■ Supplied entries:
--------------------------------------------------

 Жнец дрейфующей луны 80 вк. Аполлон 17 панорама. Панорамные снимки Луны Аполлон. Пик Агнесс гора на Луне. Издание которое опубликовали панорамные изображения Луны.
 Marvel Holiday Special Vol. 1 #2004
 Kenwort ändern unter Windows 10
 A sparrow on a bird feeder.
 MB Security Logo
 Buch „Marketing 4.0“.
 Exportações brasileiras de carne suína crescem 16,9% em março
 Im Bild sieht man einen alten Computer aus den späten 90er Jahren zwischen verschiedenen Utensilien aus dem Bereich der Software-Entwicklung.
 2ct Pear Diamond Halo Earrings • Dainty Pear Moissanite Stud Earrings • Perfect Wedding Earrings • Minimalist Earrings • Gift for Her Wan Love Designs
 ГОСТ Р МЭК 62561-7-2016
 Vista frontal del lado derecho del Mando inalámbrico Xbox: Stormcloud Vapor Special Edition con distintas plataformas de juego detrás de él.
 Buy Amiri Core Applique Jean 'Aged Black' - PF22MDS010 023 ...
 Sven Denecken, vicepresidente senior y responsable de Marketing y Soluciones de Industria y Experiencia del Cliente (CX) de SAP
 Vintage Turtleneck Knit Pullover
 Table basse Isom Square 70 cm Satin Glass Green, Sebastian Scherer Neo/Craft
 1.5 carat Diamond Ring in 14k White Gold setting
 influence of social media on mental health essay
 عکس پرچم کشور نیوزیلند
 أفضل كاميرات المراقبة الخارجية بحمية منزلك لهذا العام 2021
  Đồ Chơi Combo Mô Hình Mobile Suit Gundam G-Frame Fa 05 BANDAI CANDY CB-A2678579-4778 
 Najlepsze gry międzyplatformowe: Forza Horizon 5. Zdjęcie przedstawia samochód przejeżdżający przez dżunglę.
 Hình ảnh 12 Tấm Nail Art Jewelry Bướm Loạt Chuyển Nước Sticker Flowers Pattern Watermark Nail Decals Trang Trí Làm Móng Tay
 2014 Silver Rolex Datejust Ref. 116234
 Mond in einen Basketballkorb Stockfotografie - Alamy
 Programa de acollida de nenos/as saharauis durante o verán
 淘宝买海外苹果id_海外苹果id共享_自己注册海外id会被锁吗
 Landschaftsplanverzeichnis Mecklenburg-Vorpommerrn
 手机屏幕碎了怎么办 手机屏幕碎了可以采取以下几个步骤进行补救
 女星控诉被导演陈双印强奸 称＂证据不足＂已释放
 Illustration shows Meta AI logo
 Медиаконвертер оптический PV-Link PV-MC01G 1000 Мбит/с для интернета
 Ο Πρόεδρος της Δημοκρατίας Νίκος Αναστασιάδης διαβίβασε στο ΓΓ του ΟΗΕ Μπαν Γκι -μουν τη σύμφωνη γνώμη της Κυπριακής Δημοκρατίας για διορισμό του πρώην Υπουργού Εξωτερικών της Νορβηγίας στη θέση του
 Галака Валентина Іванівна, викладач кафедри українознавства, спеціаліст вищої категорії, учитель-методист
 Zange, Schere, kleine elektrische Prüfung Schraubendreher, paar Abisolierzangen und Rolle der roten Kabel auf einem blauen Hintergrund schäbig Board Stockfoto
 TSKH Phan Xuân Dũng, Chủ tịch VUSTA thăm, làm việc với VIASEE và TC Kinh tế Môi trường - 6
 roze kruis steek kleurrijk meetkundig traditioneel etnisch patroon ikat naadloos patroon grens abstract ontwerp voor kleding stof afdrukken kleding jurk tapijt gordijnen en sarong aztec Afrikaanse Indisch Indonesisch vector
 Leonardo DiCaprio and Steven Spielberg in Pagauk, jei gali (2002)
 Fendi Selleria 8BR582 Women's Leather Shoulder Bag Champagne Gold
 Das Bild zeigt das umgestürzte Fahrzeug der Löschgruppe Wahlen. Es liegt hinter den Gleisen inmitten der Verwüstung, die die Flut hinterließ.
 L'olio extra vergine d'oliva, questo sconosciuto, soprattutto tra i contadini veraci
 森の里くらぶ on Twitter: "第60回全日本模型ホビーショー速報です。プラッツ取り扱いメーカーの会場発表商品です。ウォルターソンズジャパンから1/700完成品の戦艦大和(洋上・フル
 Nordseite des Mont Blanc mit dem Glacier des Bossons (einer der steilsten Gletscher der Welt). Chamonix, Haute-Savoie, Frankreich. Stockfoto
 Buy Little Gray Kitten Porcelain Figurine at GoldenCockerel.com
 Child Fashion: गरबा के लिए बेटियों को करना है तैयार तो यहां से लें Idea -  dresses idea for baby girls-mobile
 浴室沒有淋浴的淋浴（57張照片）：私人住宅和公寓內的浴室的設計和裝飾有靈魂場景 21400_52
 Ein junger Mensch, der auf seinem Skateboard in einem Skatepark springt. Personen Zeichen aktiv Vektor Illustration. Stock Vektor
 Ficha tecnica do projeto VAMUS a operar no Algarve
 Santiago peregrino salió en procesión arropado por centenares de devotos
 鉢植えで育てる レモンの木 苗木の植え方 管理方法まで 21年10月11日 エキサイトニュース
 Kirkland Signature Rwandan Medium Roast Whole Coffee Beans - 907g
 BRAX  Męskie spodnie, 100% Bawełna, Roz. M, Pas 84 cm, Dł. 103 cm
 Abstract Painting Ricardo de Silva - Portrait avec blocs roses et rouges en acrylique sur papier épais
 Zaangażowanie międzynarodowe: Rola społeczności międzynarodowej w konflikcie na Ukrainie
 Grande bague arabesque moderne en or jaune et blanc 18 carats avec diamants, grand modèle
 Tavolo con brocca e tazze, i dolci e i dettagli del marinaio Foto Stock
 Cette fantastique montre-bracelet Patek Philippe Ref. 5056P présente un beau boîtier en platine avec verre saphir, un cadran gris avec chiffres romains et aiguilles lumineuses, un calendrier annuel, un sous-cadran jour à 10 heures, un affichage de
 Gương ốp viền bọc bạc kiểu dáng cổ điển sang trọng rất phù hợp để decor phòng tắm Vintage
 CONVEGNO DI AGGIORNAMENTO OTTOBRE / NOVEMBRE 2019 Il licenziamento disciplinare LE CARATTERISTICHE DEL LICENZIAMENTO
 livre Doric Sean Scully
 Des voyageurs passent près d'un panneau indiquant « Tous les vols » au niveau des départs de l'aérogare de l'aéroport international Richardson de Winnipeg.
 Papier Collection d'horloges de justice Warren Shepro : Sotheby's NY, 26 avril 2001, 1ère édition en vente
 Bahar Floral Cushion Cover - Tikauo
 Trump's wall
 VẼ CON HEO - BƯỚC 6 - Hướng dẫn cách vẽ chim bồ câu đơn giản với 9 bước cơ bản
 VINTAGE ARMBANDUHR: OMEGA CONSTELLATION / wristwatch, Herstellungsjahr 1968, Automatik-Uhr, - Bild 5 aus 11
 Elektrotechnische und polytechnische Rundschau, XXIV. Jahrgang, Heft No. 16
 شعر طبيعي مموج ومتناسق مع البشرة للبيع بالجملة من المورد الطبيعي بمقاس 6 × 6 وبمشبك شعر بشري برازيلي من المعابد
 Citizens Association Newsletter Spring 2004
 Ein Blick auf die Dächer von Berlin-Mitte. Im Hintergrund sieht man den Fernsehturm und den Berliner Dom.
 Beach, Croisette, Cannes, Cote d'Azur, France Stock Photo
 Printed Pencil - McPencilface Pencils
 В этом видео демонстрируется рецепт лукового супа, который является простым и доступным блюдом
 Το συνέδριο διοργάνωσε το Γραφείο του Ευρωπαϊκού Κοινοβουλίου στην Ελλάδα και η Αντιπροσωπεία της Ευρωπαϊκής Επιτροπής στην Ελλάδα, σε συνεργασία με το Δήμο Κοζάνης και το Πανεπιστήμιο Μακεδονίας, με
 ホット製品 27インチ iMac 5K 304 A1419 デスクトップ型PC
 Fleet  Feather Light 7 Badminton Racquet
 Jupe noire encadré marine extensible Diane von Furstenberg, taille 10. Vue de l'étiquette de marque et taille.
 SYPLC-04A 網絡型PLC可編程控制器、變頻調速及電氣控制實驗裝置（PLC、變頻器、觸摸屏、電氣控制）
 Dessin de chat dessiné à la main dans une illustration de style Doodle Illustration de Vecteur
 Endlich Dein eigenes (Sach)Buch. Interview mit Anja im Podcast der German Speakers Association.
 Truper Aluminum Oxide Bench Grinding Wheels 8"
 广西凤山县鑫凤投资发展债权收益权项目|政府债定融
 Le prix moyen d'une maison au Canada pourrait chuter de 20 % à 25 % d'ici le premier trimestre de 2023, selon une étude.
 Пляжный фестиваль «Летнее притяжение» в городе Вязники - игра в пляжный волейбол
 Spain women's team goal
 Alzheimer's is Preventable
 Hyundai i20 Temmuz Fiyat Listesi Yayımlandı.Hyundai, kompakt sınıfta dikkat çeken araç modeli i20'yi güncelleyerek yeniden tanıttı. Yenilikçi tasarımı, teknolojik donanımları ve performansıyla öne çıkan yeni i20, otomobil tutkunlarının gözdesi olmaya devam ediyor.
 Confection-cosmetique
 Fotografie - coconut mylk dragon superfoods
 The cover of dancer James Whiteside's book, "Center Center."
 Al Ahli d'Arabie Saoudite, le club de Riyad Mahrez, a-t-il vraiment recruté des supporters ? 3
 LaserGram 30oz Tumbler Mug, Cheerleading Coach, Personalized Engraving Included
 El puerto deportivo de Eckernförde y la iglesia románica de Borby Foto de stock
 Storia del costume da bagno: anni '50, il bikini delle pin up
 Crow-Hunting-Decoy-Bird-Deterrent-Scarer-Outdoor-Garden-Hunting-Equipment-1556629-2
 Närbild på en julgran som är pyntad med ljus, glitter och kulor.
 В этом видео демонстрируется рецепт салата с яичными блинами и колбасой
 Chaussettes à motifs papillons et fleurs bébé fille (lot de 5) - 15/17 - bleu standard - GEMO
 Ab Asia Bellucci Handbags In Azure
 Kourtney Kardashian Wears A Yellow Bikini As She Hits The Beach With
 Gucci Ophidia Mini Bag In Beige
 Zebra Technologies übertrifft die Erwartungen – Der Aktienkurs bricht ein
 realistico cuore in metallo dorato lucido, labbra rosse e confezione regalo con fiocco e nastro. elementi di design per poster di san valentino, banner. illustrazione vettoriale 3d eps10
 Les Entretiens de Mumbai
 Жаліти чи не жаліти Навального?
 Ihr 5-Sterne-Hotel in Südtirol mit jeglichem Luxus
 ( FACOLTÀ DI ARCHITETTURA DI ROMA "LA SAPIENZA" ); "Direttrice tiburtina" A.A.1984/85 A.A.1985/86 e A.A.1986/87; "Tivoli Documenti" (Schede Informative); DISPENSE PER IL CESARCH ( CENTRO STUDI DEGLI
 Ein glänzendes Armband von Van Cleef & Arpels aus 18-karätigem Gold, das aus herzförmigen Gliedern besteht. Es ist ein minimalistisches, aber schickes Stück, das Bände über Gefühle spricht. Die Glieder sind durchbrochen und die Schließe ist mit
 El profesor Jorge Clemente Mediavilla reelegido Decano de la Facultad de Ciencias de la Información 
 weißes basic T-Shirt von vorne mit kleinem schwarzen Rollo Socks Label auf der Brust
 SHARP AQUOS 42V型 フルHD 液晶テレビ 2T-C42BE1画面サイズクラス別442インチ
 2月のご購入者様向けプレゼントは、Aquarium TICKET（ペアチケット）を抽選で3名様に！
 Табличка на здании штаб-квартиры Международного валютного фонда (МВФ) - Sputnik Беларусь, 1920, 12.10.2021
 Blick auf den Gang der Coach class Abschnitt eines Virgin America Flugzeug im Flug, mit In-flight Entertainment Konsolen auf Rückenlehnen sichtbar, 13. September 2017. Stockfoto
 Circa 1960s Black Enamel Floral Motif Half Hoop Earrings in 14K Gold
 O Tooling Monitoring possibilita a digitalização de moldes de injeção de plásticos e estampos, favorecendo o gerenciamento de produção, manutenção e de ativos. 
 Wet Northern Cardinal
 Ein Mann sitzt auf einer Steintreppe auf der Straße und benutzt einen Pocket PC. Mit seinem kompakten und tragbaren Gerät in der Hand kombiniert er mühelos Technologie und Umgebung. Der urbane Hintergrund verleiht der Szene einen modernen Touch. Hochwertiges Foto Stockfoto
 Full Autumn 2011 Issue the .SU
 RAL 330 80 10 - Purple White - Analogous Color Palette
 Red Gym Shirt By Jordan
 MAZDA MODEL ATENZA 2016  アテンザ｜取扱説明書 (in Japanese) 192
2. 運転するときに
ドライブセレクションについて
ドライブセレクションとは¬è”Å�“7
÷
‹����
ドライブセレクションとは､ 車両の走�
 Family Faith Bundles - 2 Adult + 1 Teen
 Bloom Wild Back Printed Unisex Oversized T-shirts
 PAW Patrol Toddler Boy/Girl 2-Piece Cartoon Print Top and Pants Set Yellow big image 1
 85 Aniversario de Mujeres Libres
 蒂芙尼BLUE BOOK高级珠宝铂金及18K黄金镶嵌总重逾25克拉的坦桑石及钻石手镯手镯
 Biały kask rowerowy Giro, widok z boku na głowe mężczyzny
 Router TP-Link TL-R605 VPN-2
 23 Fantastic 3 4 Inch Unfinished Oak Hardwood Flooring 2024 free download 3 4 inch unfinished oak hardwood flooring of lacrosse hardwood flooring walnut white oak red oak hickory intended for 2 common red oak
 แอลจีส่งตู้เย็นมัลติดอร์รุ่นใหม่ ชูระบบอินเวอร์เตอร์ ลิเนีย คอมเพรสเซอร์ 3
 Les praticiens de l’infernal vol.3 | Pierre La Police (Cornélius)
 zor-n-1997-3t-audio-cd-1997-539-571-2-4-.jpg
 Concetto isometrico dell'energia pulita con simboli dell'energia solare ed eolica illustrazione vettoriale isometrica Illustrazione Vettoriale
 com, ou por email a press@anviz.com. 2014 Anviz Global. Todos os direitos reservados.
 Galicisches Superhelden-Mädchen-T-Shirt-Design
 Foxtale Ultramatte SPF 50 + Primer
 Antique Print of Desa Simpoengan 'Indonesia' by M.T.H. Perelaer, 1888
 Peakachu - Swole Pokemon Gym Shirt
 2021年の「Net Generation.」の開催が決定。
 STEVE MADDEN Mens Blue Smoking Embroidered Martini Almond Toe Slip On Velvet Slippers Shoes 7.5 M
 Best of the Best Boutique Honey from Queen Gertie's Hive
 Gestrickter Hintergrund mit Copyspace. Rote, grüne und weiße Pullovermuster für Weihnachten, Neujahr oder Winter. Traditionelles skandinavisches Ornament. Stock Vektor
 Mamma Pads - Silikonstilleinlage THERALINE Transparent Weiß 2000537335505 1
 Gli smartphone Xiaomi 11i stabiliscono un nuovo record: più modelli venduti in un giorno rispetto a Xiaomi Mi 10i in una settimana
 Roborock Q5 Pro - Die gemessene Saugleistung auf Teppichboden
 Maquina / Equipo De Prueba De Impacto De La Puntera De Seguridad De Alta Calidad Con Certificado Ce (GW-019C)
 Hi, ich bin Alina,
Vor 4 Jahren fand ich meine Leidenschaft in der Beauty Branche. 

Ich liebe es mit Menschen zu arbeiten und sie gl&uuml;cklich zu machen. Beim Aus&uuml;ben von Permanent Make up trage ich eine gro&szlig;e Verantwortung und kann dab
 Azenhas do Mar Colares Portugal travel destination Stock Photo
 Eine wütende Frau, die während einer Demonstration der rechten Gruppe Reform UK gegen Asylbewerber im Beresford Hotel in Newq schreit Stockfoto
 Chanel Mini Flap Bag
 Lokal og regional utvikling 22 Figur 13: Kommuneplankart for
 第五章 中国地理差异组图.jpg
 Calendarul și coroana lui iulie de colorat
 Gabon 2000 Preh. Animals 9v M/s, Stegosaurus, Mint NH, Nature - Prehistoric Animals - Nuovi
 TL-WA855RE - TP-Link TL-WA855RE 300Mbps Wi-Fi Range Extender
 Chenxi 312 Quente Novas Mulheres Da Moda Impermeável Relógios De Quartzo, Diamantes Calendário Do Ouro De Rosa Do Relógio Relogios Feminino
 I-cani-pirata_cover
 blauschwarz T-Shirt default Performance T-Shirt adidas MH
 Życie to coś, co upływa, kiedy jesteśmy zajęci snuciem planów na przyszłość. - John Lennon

--------------------------------------------------

■ What is being asked: The answer consists of the lines above that include the word "avec", each copied exactly.

■ Output:
 Abstract Painting Ricardo de Silva - Portrait avec blocs roses et rouges en acrylique sur papier épais
 Grande bague arabesque moderne en or jaune et blanc 18 carats avec diamants, grand modèle
 Cette fantastique montre-bracelet Patek Philippe Ref. 5056P présente un beau boîtier en platine avec verre saphir, un cadran gris avec chiffres romains et aiguilles lumineuses, un calendrier annuel, un sous-cadran jour à 10 heures, un affichage de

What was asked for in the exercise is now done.